The thought still overwhelmed me as I looked at the picture of the girl I would
be in a matter of minutes. Slender, a little short even for a girl, 5ft 3in,
bright red hair and sparkling green eyes with a small spray of brown freckles
across the bridge of her nose. Very cute and innocent looking, she was the
perfect place for me to hide.
Still the thought of becoming a young girl frightened me as they guided me into
the exchange room.
"Don't worry, Mr. Johns. What we do is we superimpose your mind onto hers and
vise-versa. This way the thoughts and control are yours but you have all of the
host's memories and experiences to work from so you could continue on as her if
you need be," said the female attendant as she sat me down and placed what seemed
like a swimming cap with cords running down the back. "It's like sitting in a
library with instant access to all the books at any time. All the skills,
memories and talents of the host only you will be in control. The personality is
wholly yours though unless you knew her you would not be able to act like her,
that's why we encourage the host to switch as they were planning on a vacation
that way you have less of a chance running into people the host knows."
"What about money?" I asked.
"Your lawyer has put a sizable sum that you can access in the chemical bank there
should be documents when you get to Dallas," she said as she injected me with a
shot of a clear liquid. "It has started count back from fifty and you should come
around in Dallas."
I started counting and by the time I got down to thirteen the room faded out.
Slowly I could feel myself come unattached to my body. It was much like the out
of body experiences you hear about but instead of floating up from my body it was
like being vacuumed out.
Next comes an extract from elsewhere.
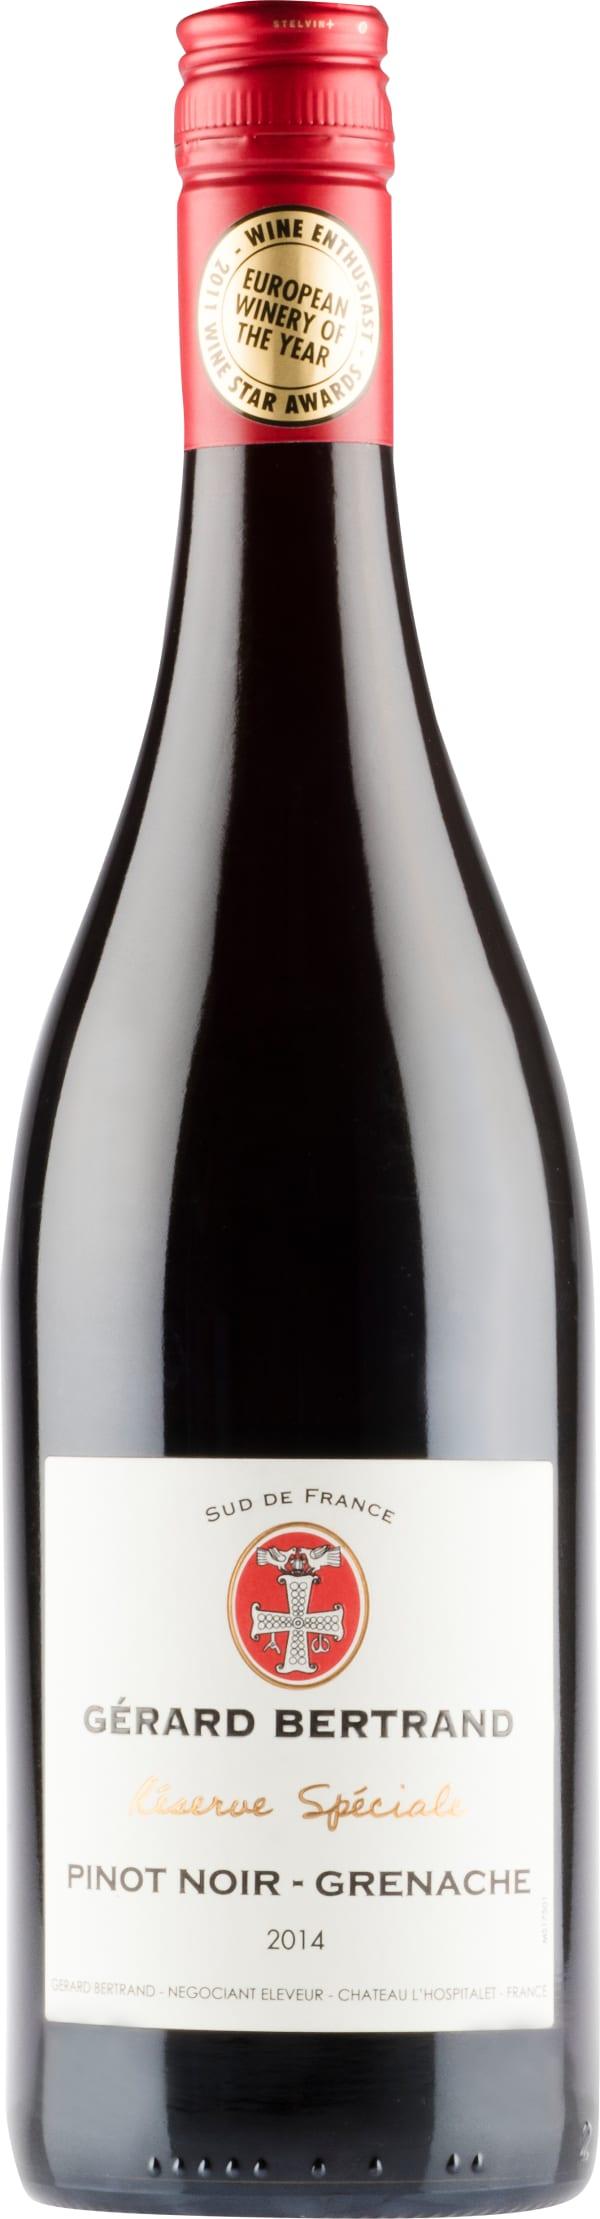 Gérard Bertrand Réserve Spéciale Pinot Noir Grenache 2018
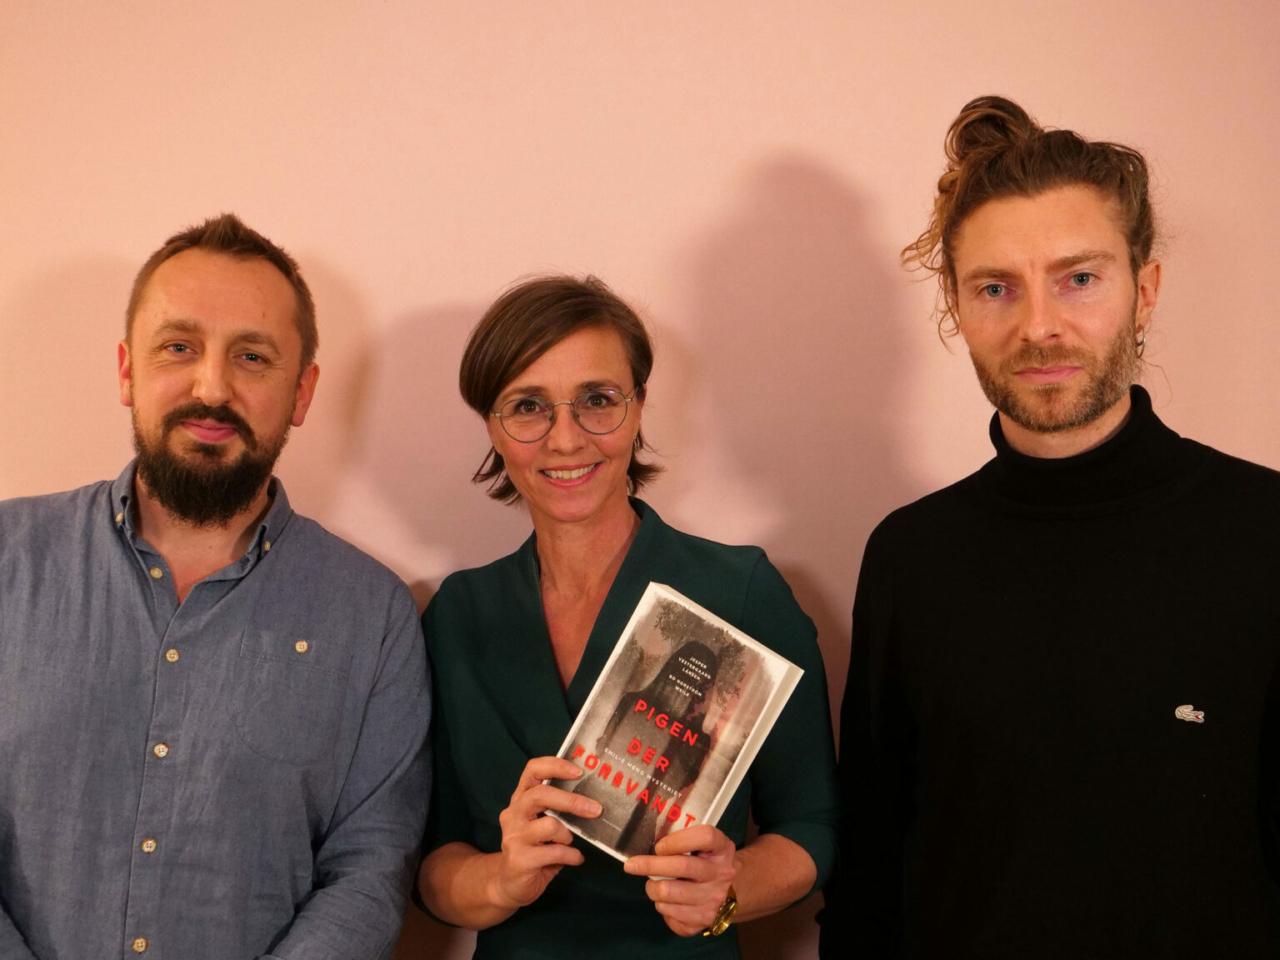 Bo Nordstrøm Weile, Marie Louise Toksvig og Jesper Vestergaard Larsen til Storydays

Suddenly I was like I was floating in a bubble zooming
down a pipe surrounded by all my memories all arranged in little screens around
me. It seemed that the bubble flew at impossible speeds and suddenly I saw
another bubble flying at me from the other direction. As it flew closer I felt my
speed die down till the two of us collided.
Suddenly I flew forward into the bubble's wall and fell into the other bubble
with the odd feeling that I had passed through another person. The bubble then
starting zooming again in the direction I had been going in. Around me now were
other memories I looked into one and suddenly the world changed around me.
It was Easter Sunday I had just turned ten two months ago and mommy had gotten me
the white dress I wanted for Sunday school. I was feeling sick as I got out of
bed. My tummy was all in knots I went to the bathroom to tinkle. I pulled down my
white panties with the blue and green flowers and sat on the toilet I thought of
my pretty new dress and knew I had to take a bath before I got dressed.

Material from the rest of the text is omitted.